# What type of Coin?



## Gunsmoke47 (Jun 16, 2004)

Hey guys and gals,  
 we found this today in the pit we were digging and neither Pitfinder nor I know what it is other than non USA and old. It is not in very good shape but it was by far the coolest find of the day![] CAn you give us some info on it? Thanks, and Happy Diggin,  Kelley


----------



## bigkitty53 (Jun 17, 2004)

Hi Kelley,
               I think you have an English coin there.That appears to be a St.George's Cross(English Flag) on a shield supported by 2 heraldic lions.What's on the other side? I suspect a profile of 'Mad King' George III. Also how big is it?At that time usually the bigger the coin the more it's value and vice-versa.

 Hope this helps,

 KAT


----------



## Gunsmoke47 (Jun 17, 2004)

Hey KAT, the other side is in such bad shape as to be unidentifiable. We guessed English as well. Maybe some of our brothers across the pond can tell us for sure. It is slightly bigger than a quarter. Thanks for your reply,  Kelley


----------



## AvoidingWork (Jun 18, 2004)

Cool coin.  Found two at my lot as well-check these out....


----------



## bigkitty53 (Jun 19, 2004)

Nice find,Avoiding Work! Is the 1820 hammered in the middle or is that just a play of light? I know a lot of soldiers used to tap out the center of a coin with a hammer until it was thin enough to punch out,to make a ring for their sweetheart back home.You have one that never made it that far?

 KAT


----------



## Gunsmoke47 (Jun 19, 2004)

Those are neat coins AvoidingWork! Is the 1820 the same denomination as the crowned silver one?  Kelley


----------



## AvoidingWork (Jun 19, 2004)

HEY

 The silver is , as i understand, a spanish colonial  1 Rheal coin from 1815. The bronze is a pre confederation trade token from Canada which has been nailed through.  Pretty cool finds ---almost justifies the poison ivy.....
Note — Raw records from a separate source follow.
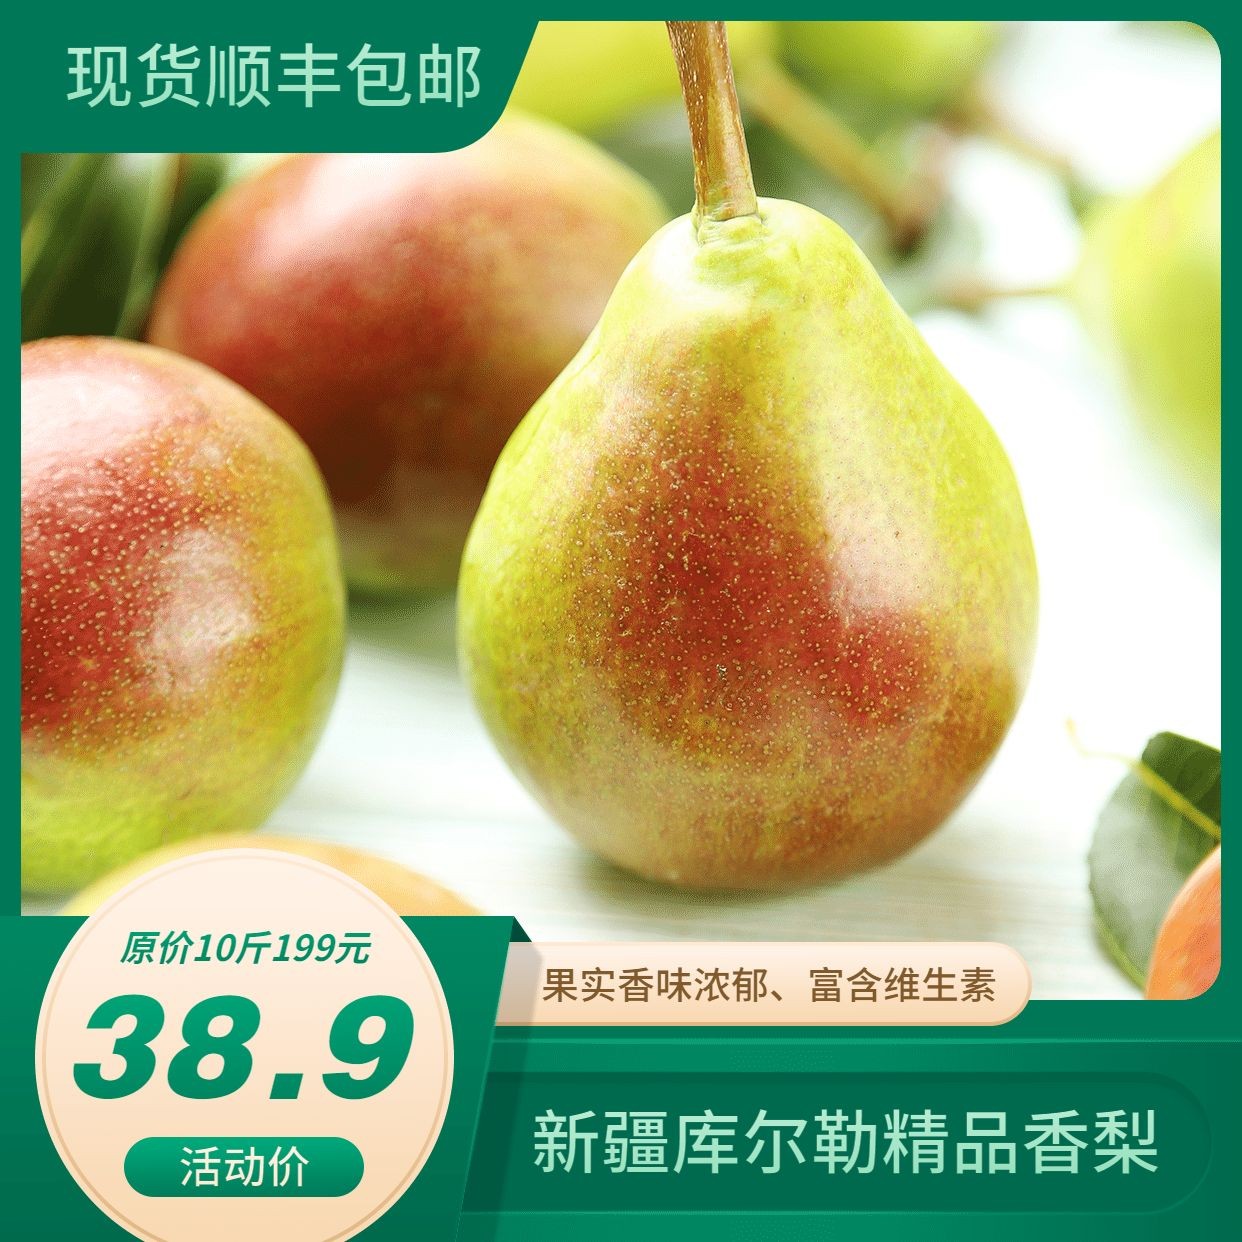 生鲜超市梨子图框展示方形营销海报预览效果
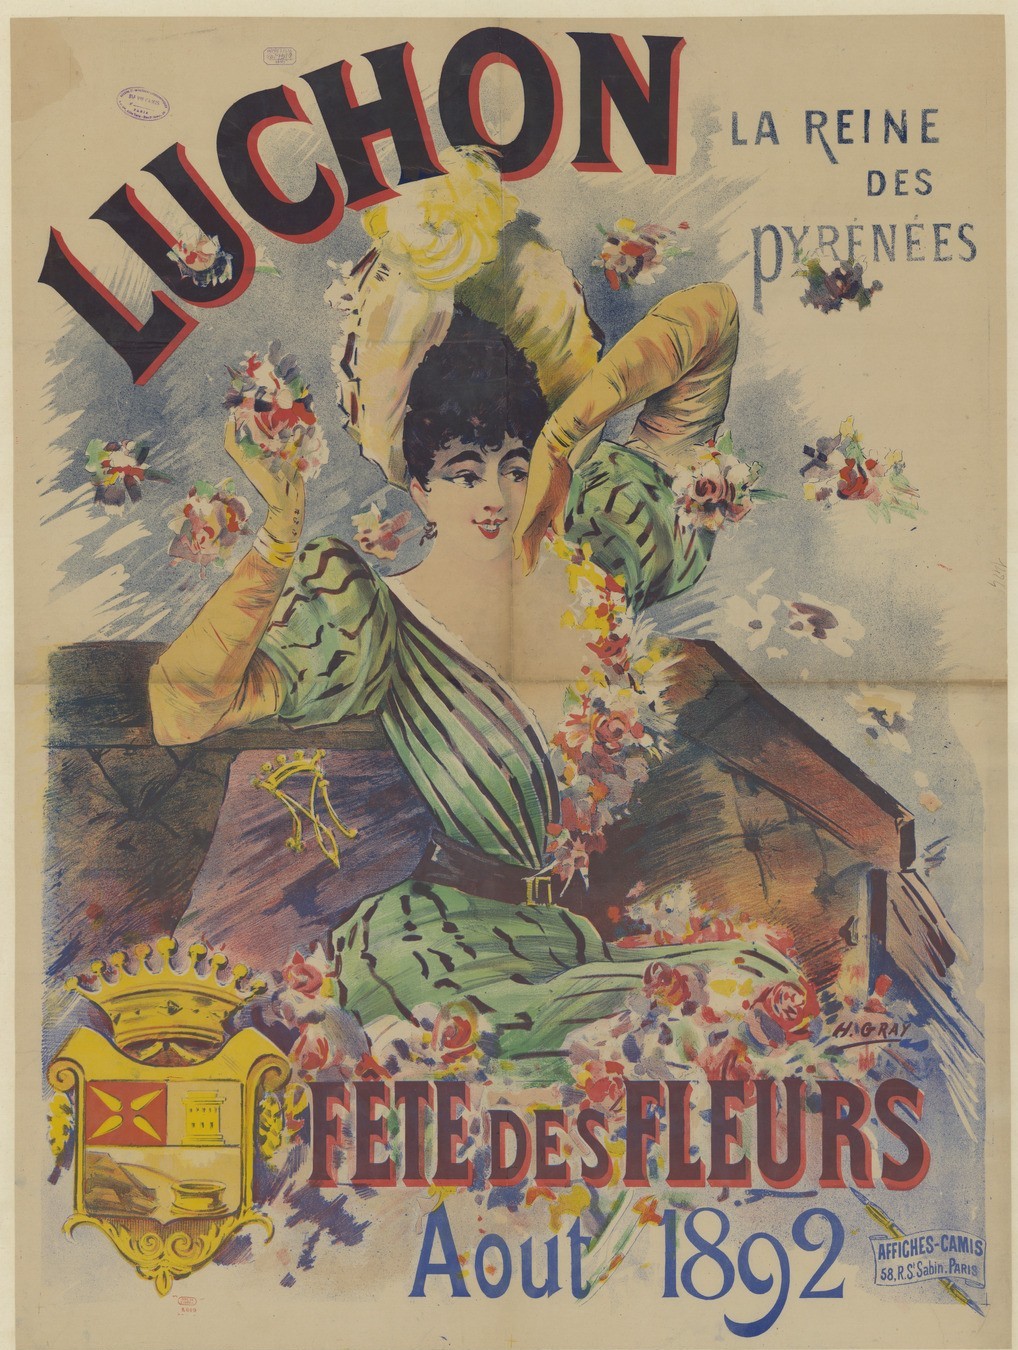 Luchon, la reine des Pyrénées. Fête des fleurs. Aout 1892 : [affiche] / H. Gray
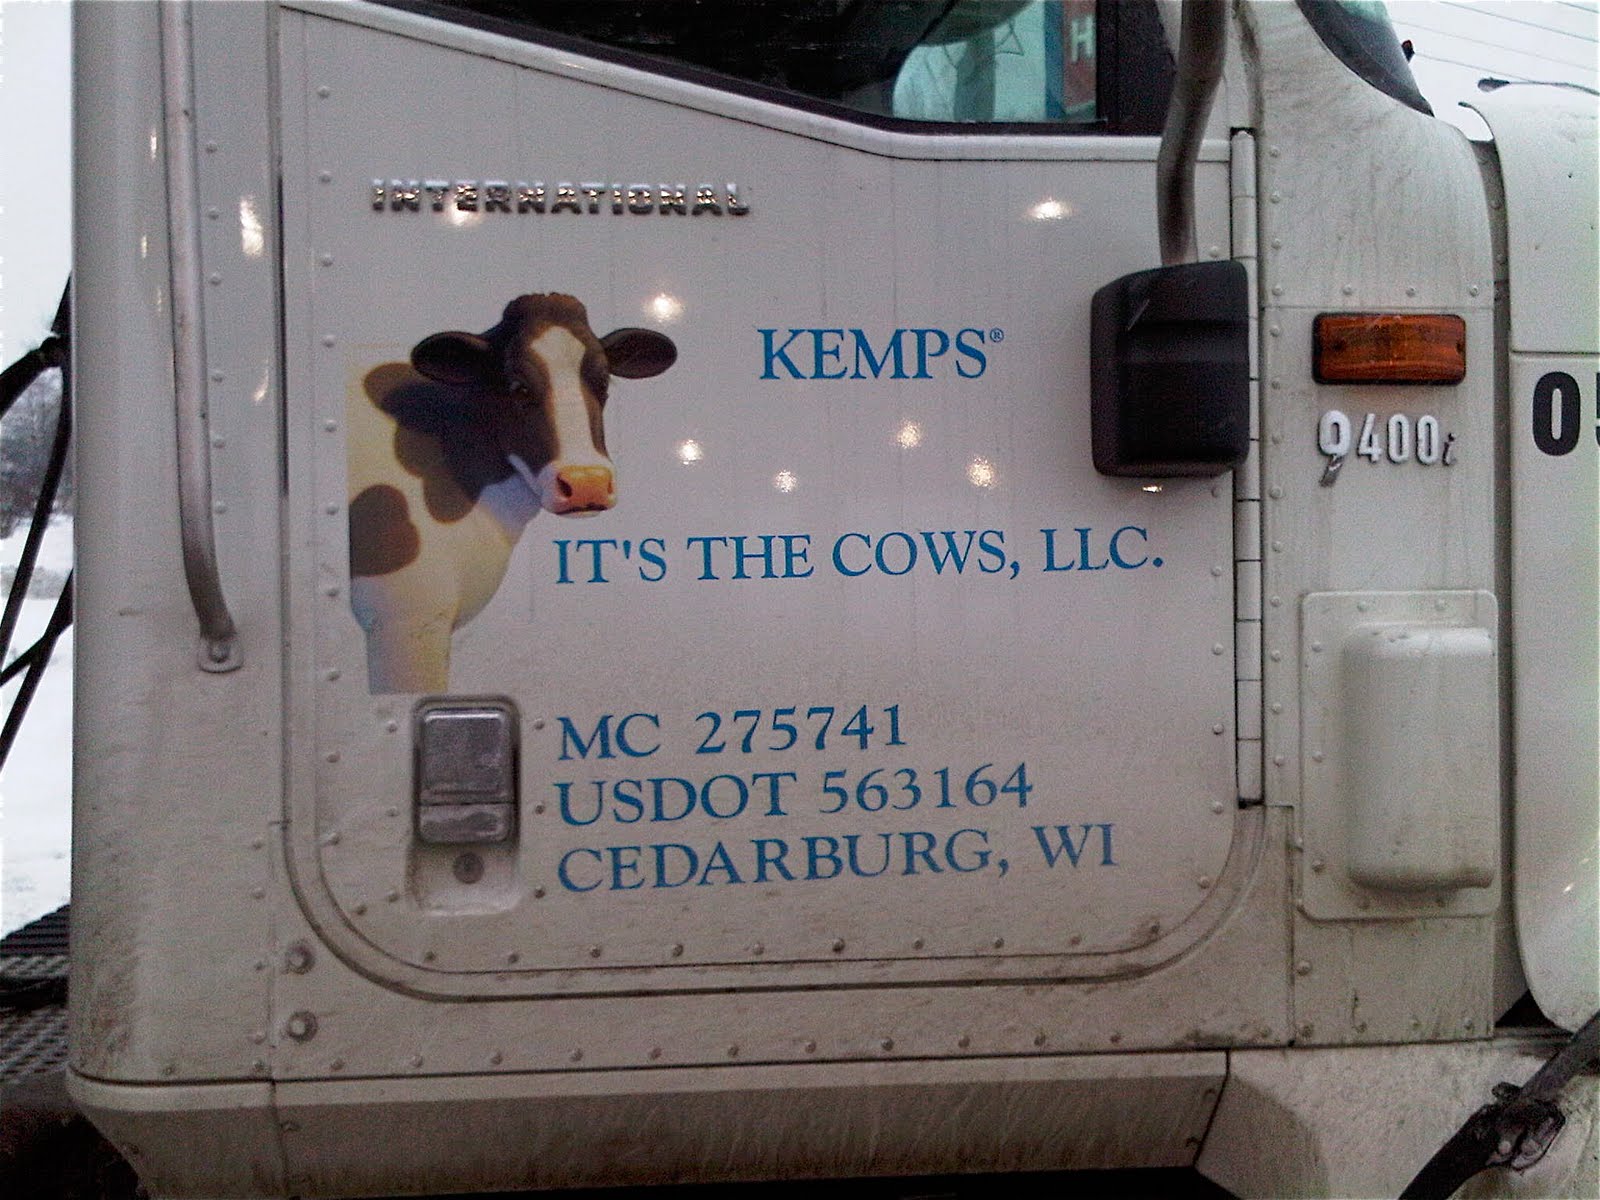 [cows+on+truck+door.jpg]
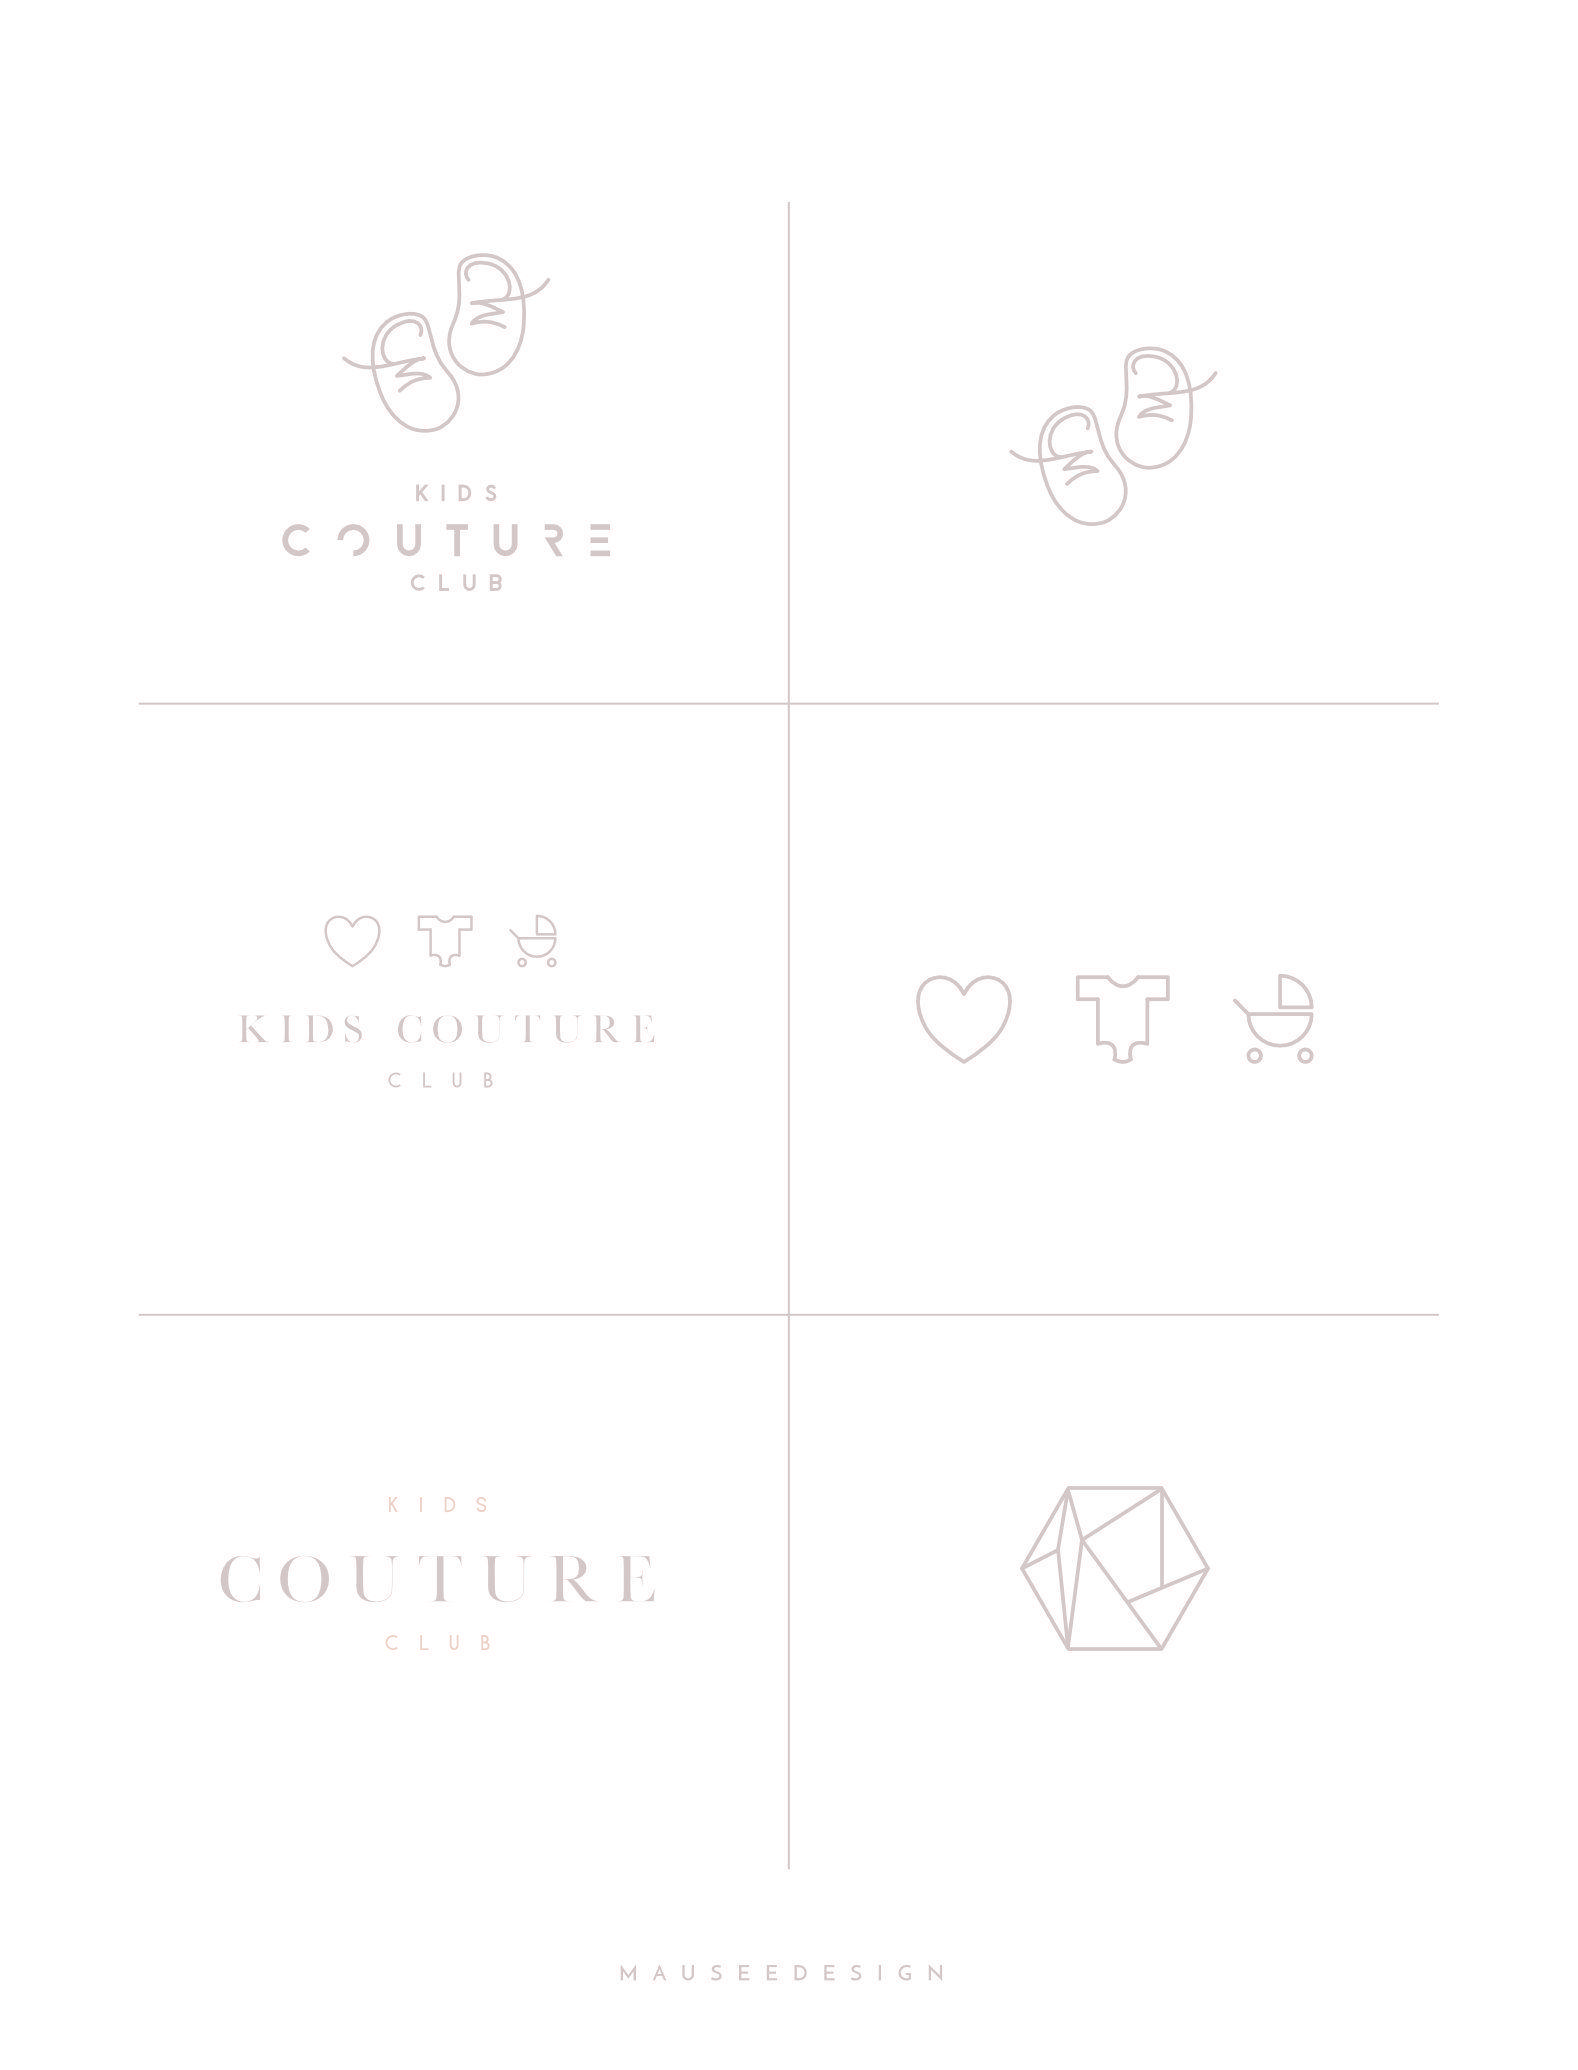 Couture Club Logo - Kids Couture Club Logo Design Exploration | Design::Branding::Logo ...

 here's the other side of the coins...


----------



## AvoidingWork (Jun 19, 2004)

try that again


----------



## pitfinder (Jun 23, 2004)

Roger, thanks for your hard work and your friend's knowledge.  Now this really has us wondering how that coin got to the Texas Panhandle!!!!!!!!!!!!!  We're going to start paying more attention and look for tiger and elephant tusks in these pits.  Pitfinder and Gunsmoke47


----------